2.4 Statistical analysis for Mendelian randomization
We used the TwoSampleMR package (version 0.5.6) in R program (version 4.2.1) to integrate and analyze the data. In this study, inverse variance weighted (IVW) (17) was used as the main analysis method, while MR-Egger regression (18), weighted median estimator (WME) (19), simple mode and weighted mode (20) were used together for MR analysis. The principle of IVW is to weight the inverse of the variance of each IV as the weight while ensuring that all IVs are valid, the regression does not consider the intercept term, and the final result is the weighted average of the effect values of all IVs. The major difference between MR-Egger regression and IVW is that the regression takes into account the presence of the intercept term, and in addition, it also uses the inverse of the ending variance as a weight for the fit. The WME is defined as the median of the weighted empirical density function of the ratio estimates, which allows consistent estimation of causality if at least half of the valid instruments are present in the analysis.

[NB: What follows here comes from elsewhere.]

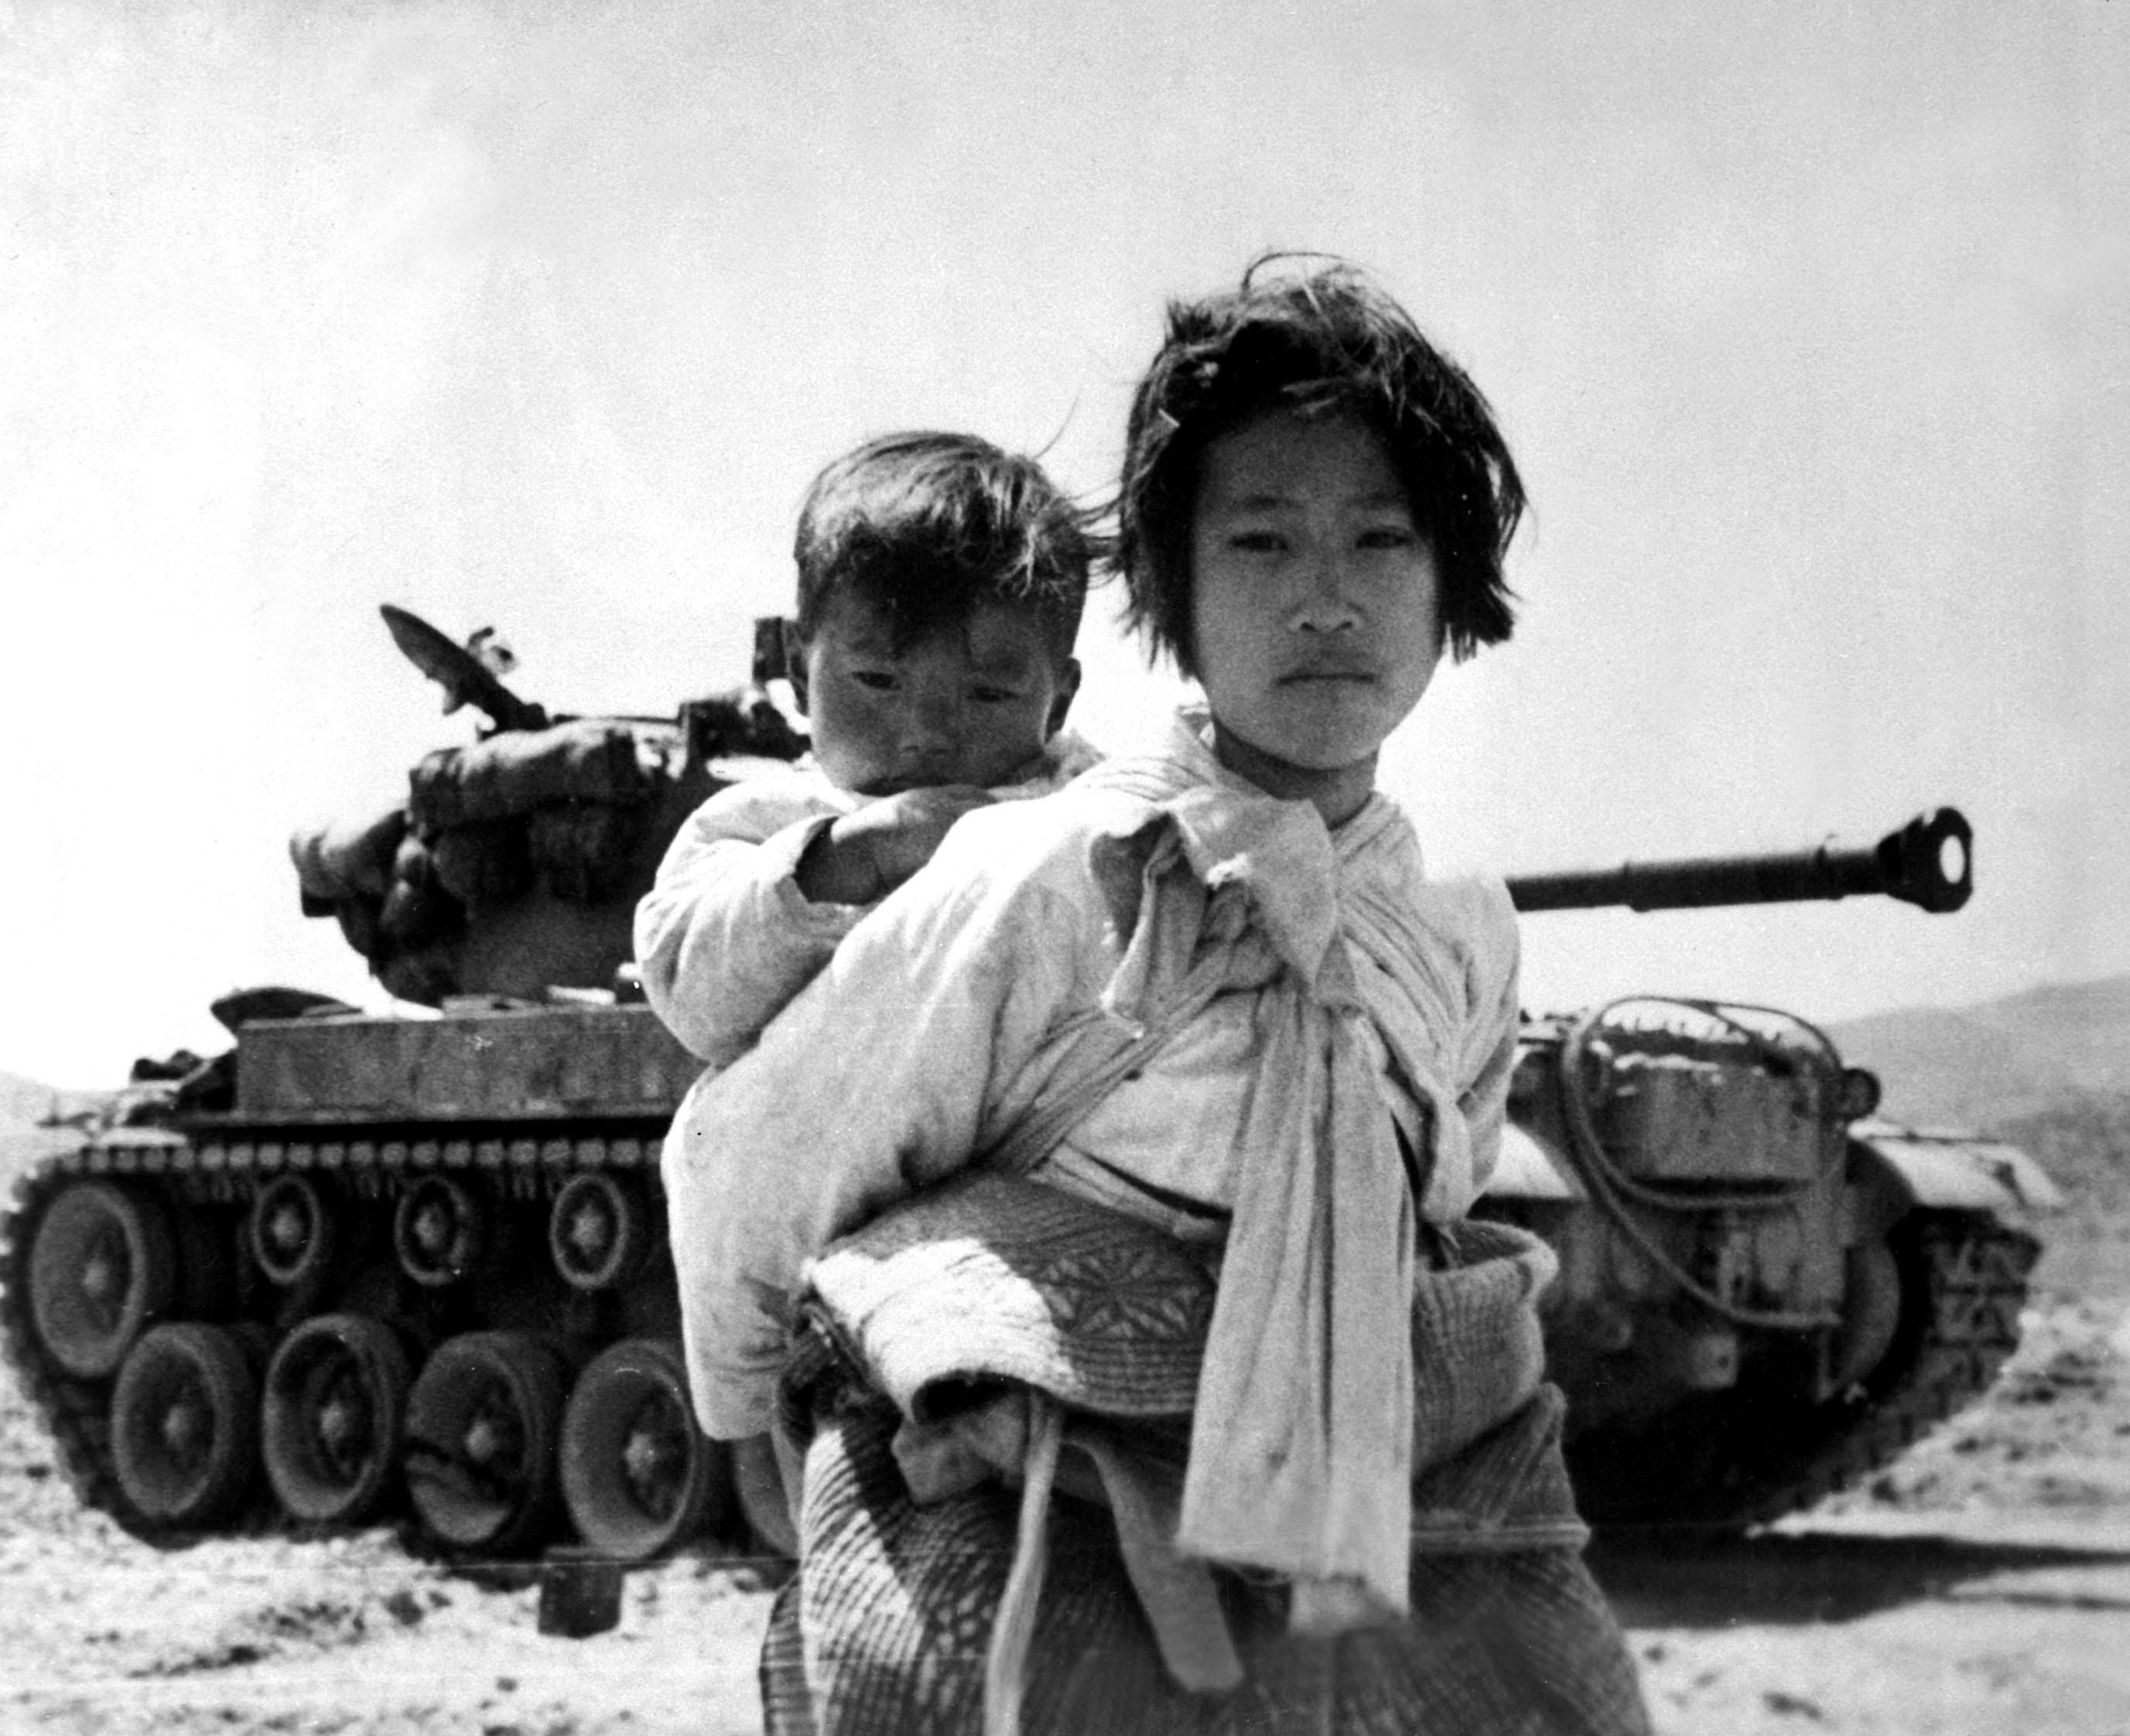 WAR & CONFLICT BOOKERA:  KOREAN WAR/CIVILIANS & REFUGEES

2.5 Heterogeneity and sensitivity test
There may be heterogeneity in the 2-sample MR analysis due to differences in analysis platforms, experimental conditions, including populations and SNPs, which may bias the estimation of causal effects. Therefore, the main IVW and MR-Egger methods were tested for heterogeneity in this study. The heterogeneity test was used to test the differences between individual IVs, and Cochran's Q statistic and P-value were used to determine whether there was heterogeneity, and P < 0.1 represented the presence of heterogeneity; Pleiotropy test mainly tests the presence of horizontal pleiotropy for multiple IVs (21), and the P-value of the pleiotropy test was used in this study to measure whether there was pleiotropy in the analysis, if P > 0.05, it is considered that the possibility of pleiotropy in the causal analysis is weak; Leave-one-out sensitivity test is mainly to calculate the MR results of the remaining IVs after eliminating them one by one (22), if the estimated MR results of other IVs after eliminating one IV are very different from the total results, it means that the MR results are sensitive to that IV. The presence of pleiotropy in the analysis was also determined in this study using the MR-pleiotropy residual sum outlier (MR-PRESSO) (23).